In the two epitope case, I believe the derivative looks like this: $$\frac{\partial{R{\rm{similarity}}}}{\partial{\beta{m,e}}} = \lambda{\rm{similarity}} \frac{\partial{\left(\sum{m' \in S{k}} \beta{m',e}^2\right)}}{\partial{\beta{m,e}}} \left(\sum{m' \in S{k}} \beta{m',j}^2\right) + \frac{\partial{\left(\sum{m' \in S{k}} \beta{m',j}^2\right)}}{\partial{\beta{m,e}}} \left(\sum{m' \in S{k}} \beta_{m',e}^2\right)$$

$$=\lambda{\rm{similarity}} \left(2\beta{m,e}\sum_{m' \in Sk}\left(\beta{m',j}^2\right) + 0 \left(\sum{m' \in S{k}} \beta{m',e}^2\right)\right) = 2\lambda{\rm{similarity}} \beta{m,e}\sum{m' \in Sk}\left(\beta{m',j}^2\right)$$ where $j$ is the other epitope and $m'$ ranges over all mutations (including $m$) at site $S_k$.

However, when there are more than 2 epitopes, you have to sum over the $\beta{m,e}$ being multiplied by the norm of $\beta{m',j}$ at all other epitopes $j$. For example, if there are 3 epitopes, $R{\rm{similarity}}$ sums over the dot products of 3 comparisons: $(1,2), (1,3), (2,3)$. So, in the general case, perhaps the best way to write the derivative is this: $$\frac{\partial{R{\rm{similarity}}}}{\partial{\beta{m,e}}} = 2\lambda{\rm{similarity}} \sum{j \neq e} \beta{m,e}\sum_{m' \in Sk}\left(\beta{m',j}^2\right)$$

This is what is implemented in the code. Let me know if you agree/disagree!

jbloom commented 1 year ago

@timcyu, looks good. My only comment is in the derivative, move the sum over $j \ne e$ to the right of $\beta{m,e}$ since the $\beta{m,e}$ term doesn't depend on $j$.

timcyu commented 1 year ago

@jbloom it's ready for your review again!

timcyu commented 1 year ago

@jbloom addressed your comments. I decided to re-write the code using some of the matrix tricks in Will's colab notebook so it is far more efficient now. Let me know what you think.

jbloom commented 1 year ago

@timcyu, I made a few small tweaks in commit 51fcdb2 (see full commit message for details). Otherwise this looks good, but let's implement other approach (absolute value approximation: https://github.com/jbloomlab/polyclonal/issues/124#issuecomment-1272055558) and see which we prefer before deciding which pull request to merge.

timcyu commented 1 year ago

@jbloom I would suggest merging this regularization instead of the absolute value approximation. Reason is that both strategies can successfully deconvolve the mAb cocktail dataset, but the absolute value approximation is much more sensitive to the regularization weight, whereas I could reproduce the same result (shown above) with a larger range of weights with this squared euclidean penalty.
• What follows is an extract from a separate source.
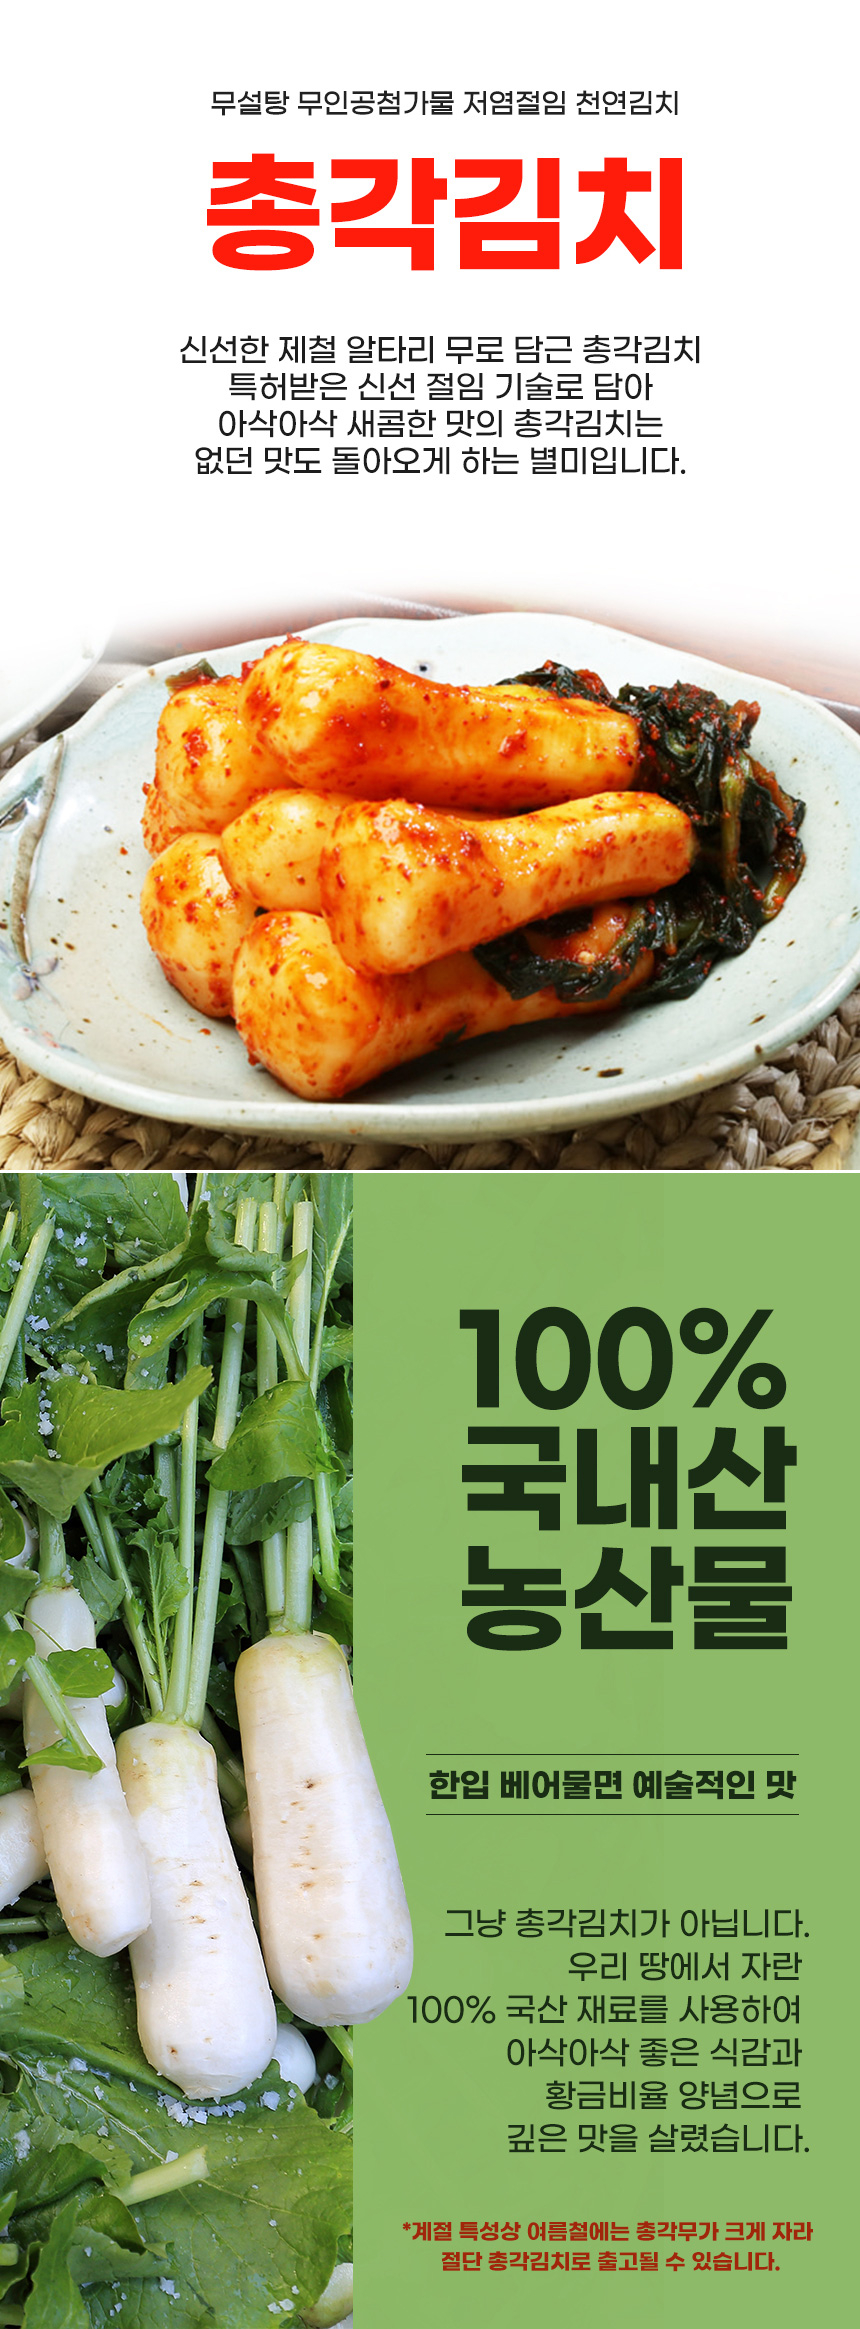 韓國食品-[Ilpum] Ponytail Radish Kimchi 1kg

We discussed this last week and I've included the relevant slides here for reference. Let me know if you have any final thoughts!

jbloom commented 1 year ago

@timcyu, can you experiment on what happens if you drop reg_activity_weight a lot, maybe even pushing it to 0? Particularly on the simulated RBD dataset. A lot of the issue seems to be that the typical non-epitope site is being fit to something more like ~0.5 than 0, which may be why you lose the third epitope. I wonder if that is driving by the regularization on activity which is moving some of that value into the escape values.

timcyu commented 1 year ago

@jbloom dropping reg_activity_weight has no effect on both the simulated RBD and mAb cocktail datasets.